DATA EXCERPTS: Begin

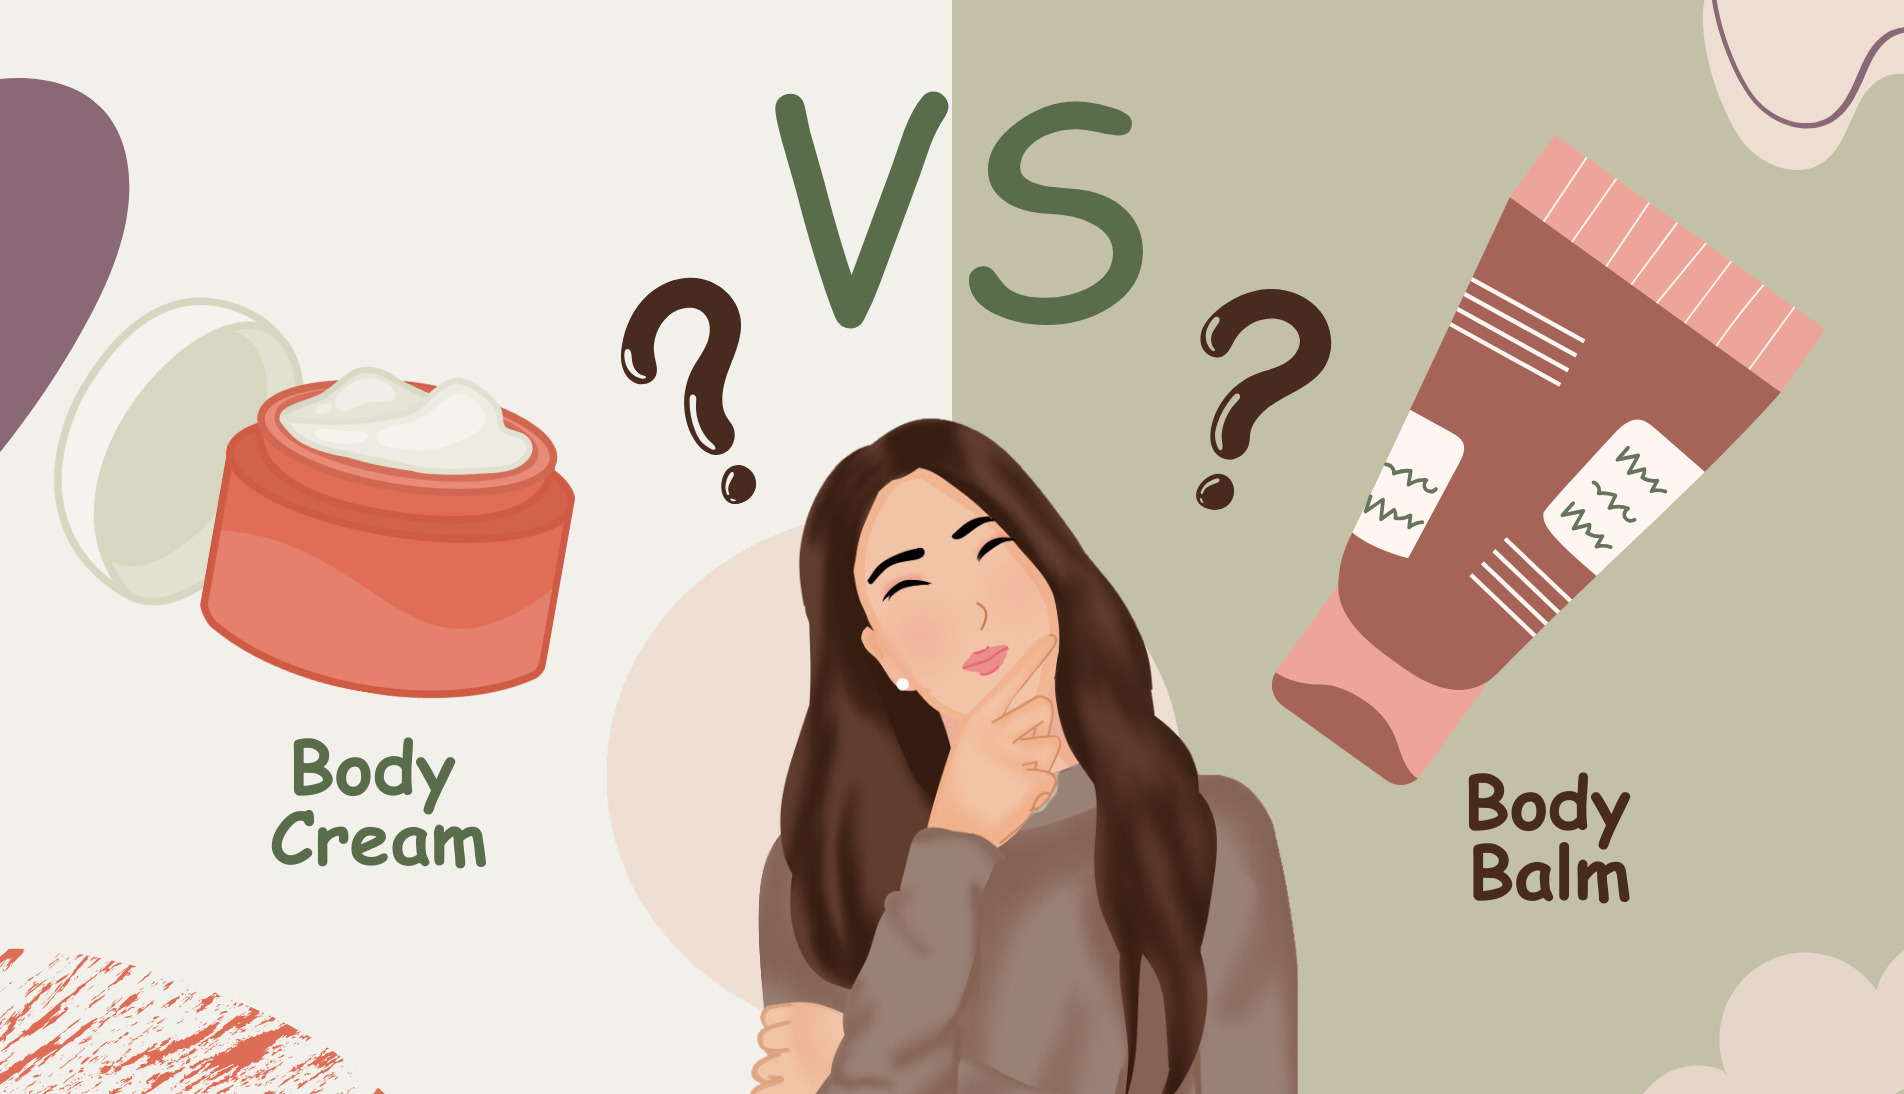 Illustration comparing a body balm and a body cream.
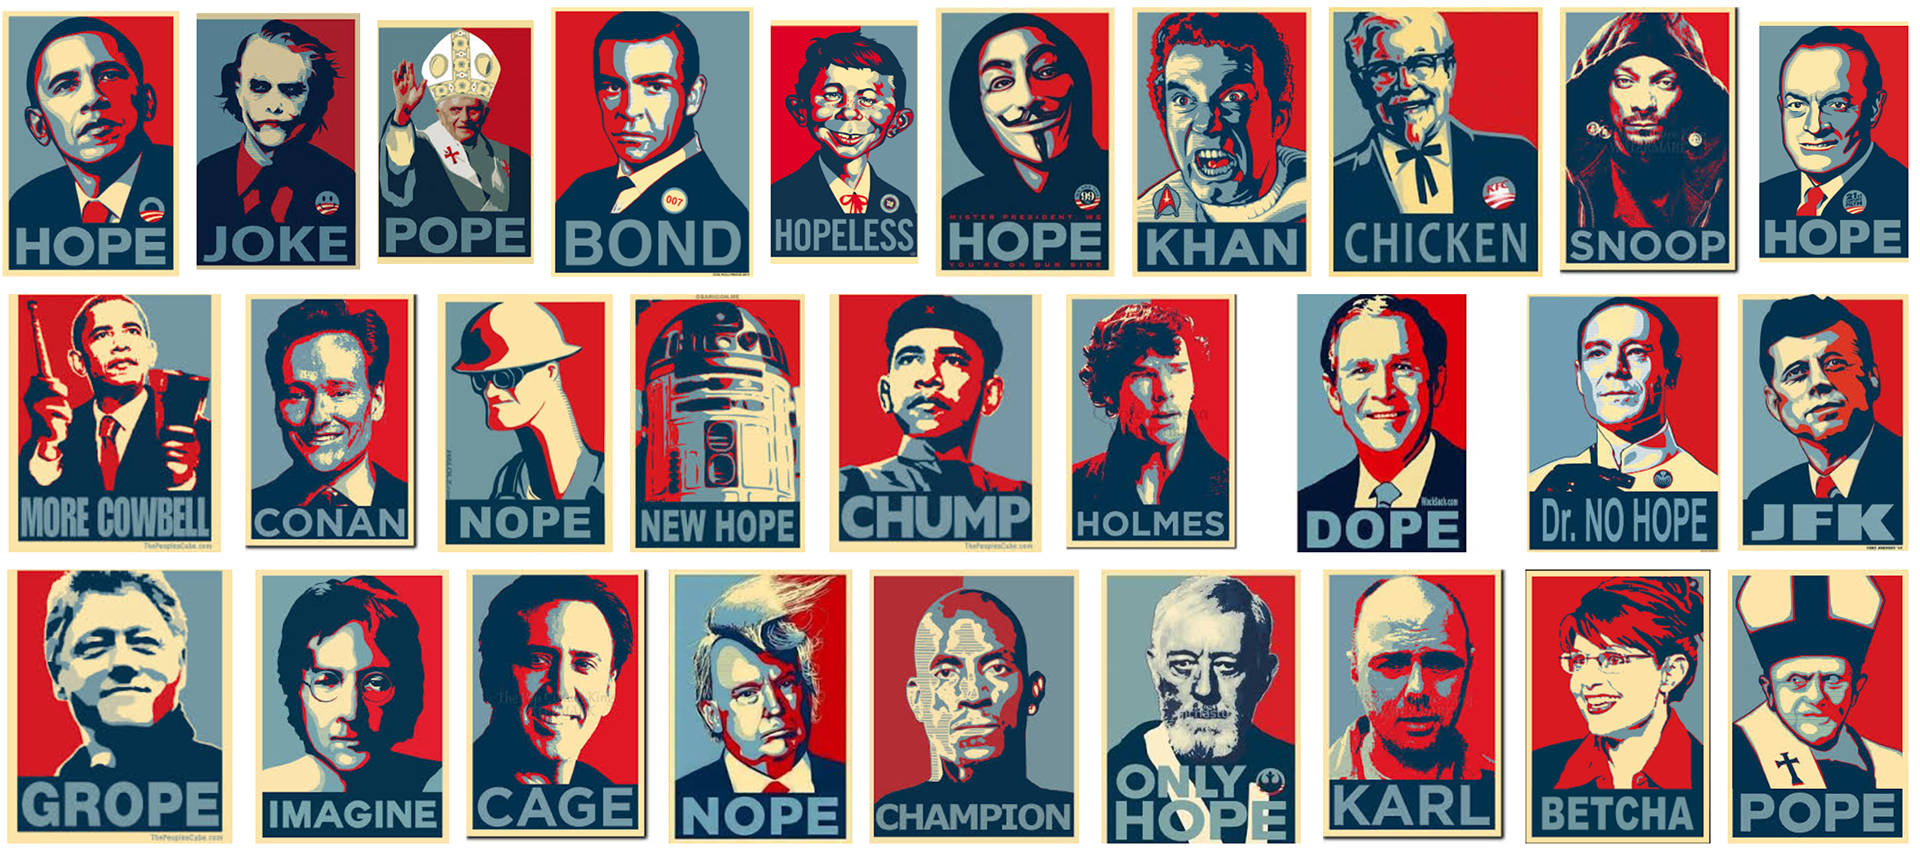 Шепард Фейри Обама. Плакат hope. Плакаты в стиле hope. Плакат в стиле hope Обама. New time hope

DATA EXCERPTS: End
DATA EXCERPTS: Begin

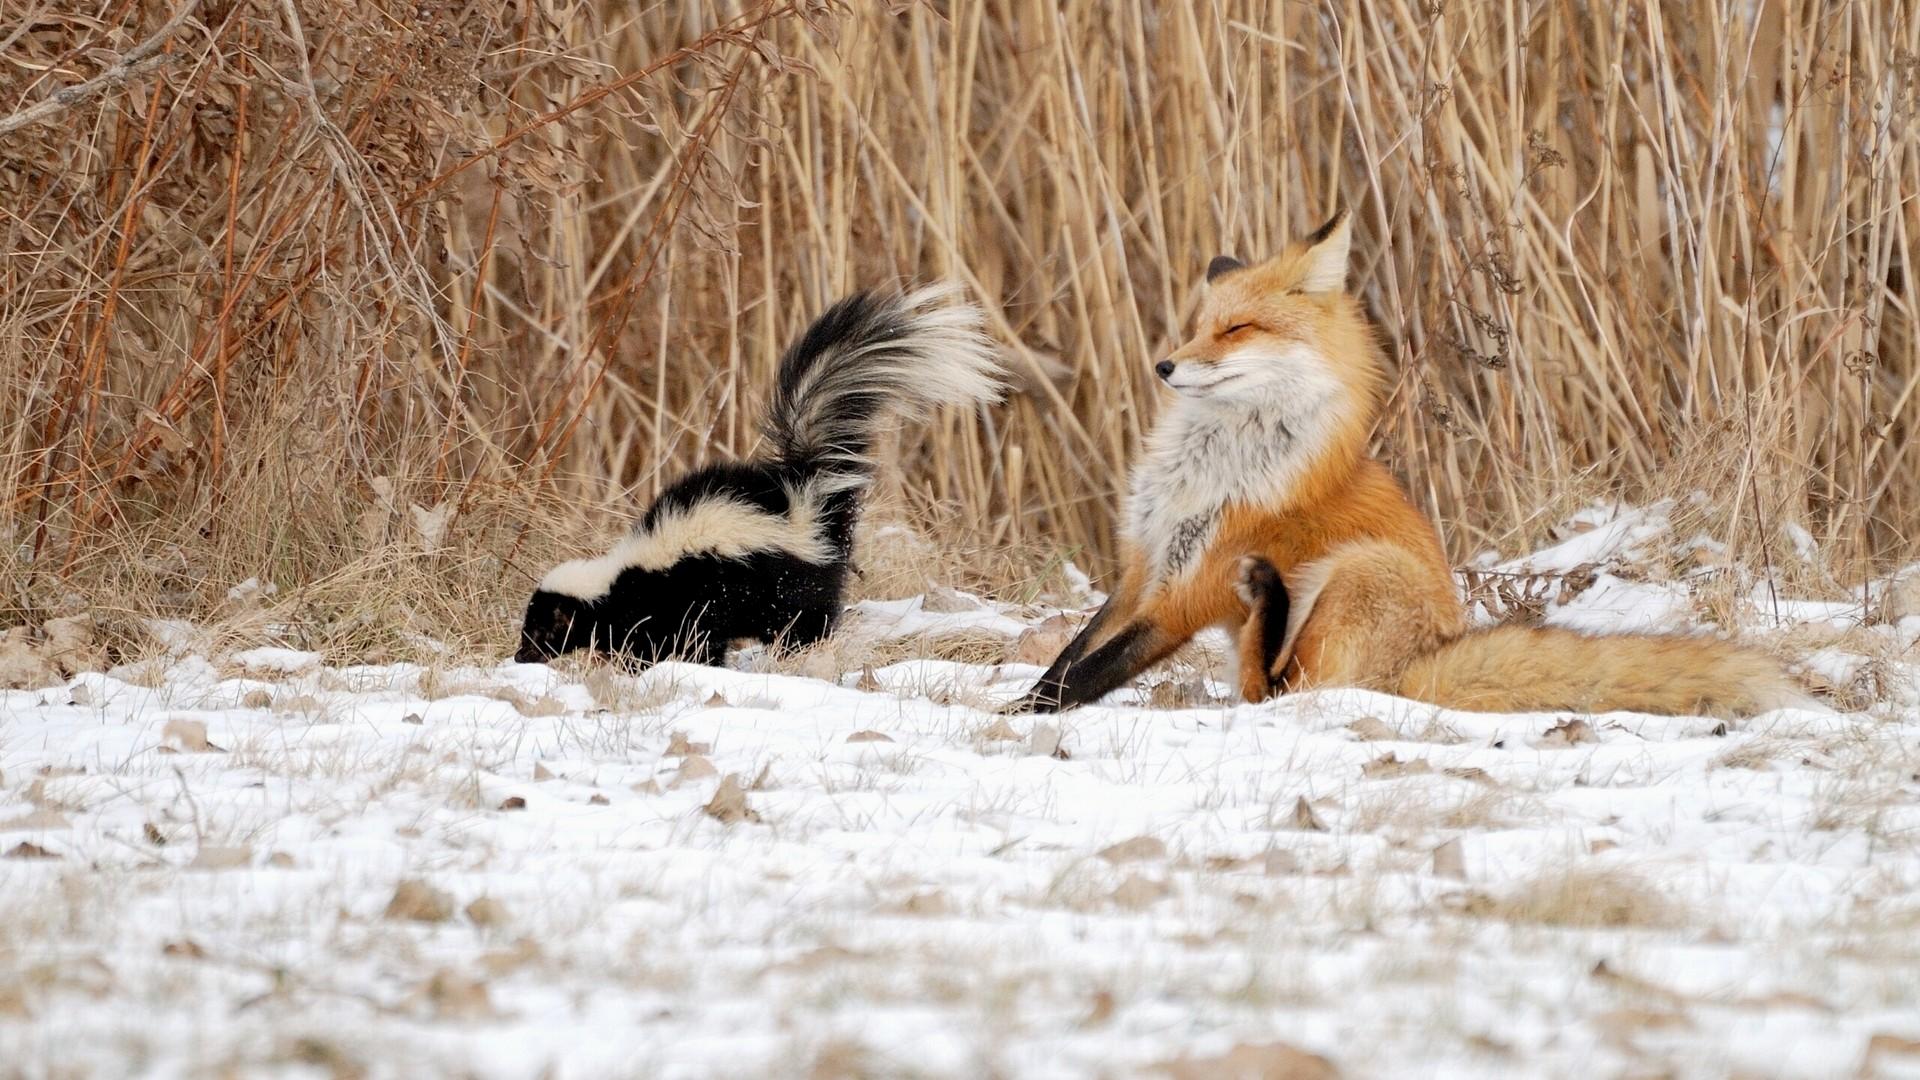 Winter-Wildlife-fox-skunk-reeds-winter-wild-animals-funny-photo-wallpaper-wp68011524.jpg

DATA EXCERPTS: End
DATA EXCERPTS: Begin

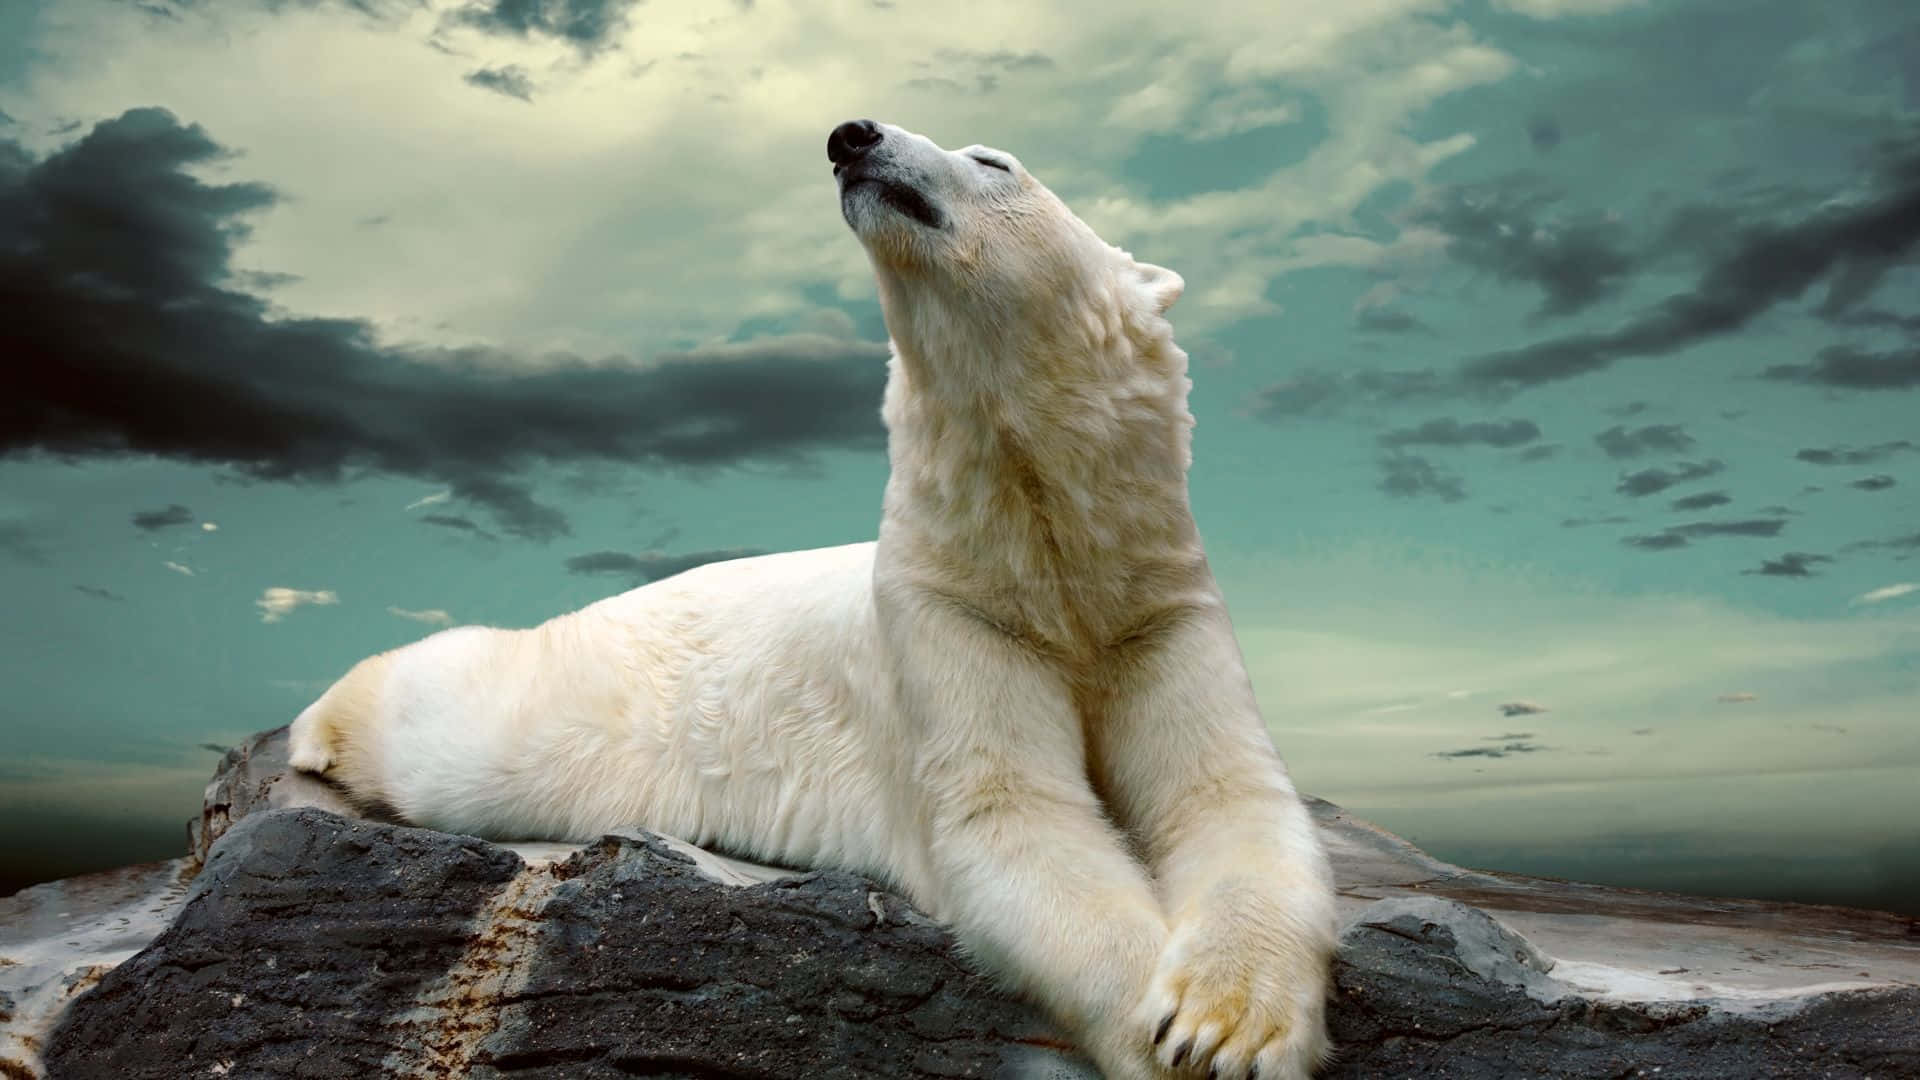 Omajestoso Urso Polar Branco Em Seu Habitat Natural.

DATA EXCERPTS: End

TASK GOAL -> Your answer is the exact run of lines above from the one with "Illustration comparing a" through the one with "Шепард Фейри Обама.", both ends included, minus any picture.

SOLUTION TO THE PROBLEM ->
 Illustration comparing a body balm and a body cream.
 Шепард Фейри Обама. Плакат hope. Плакаты в стиле hope. Плакат в стиле hope Обама. New time hope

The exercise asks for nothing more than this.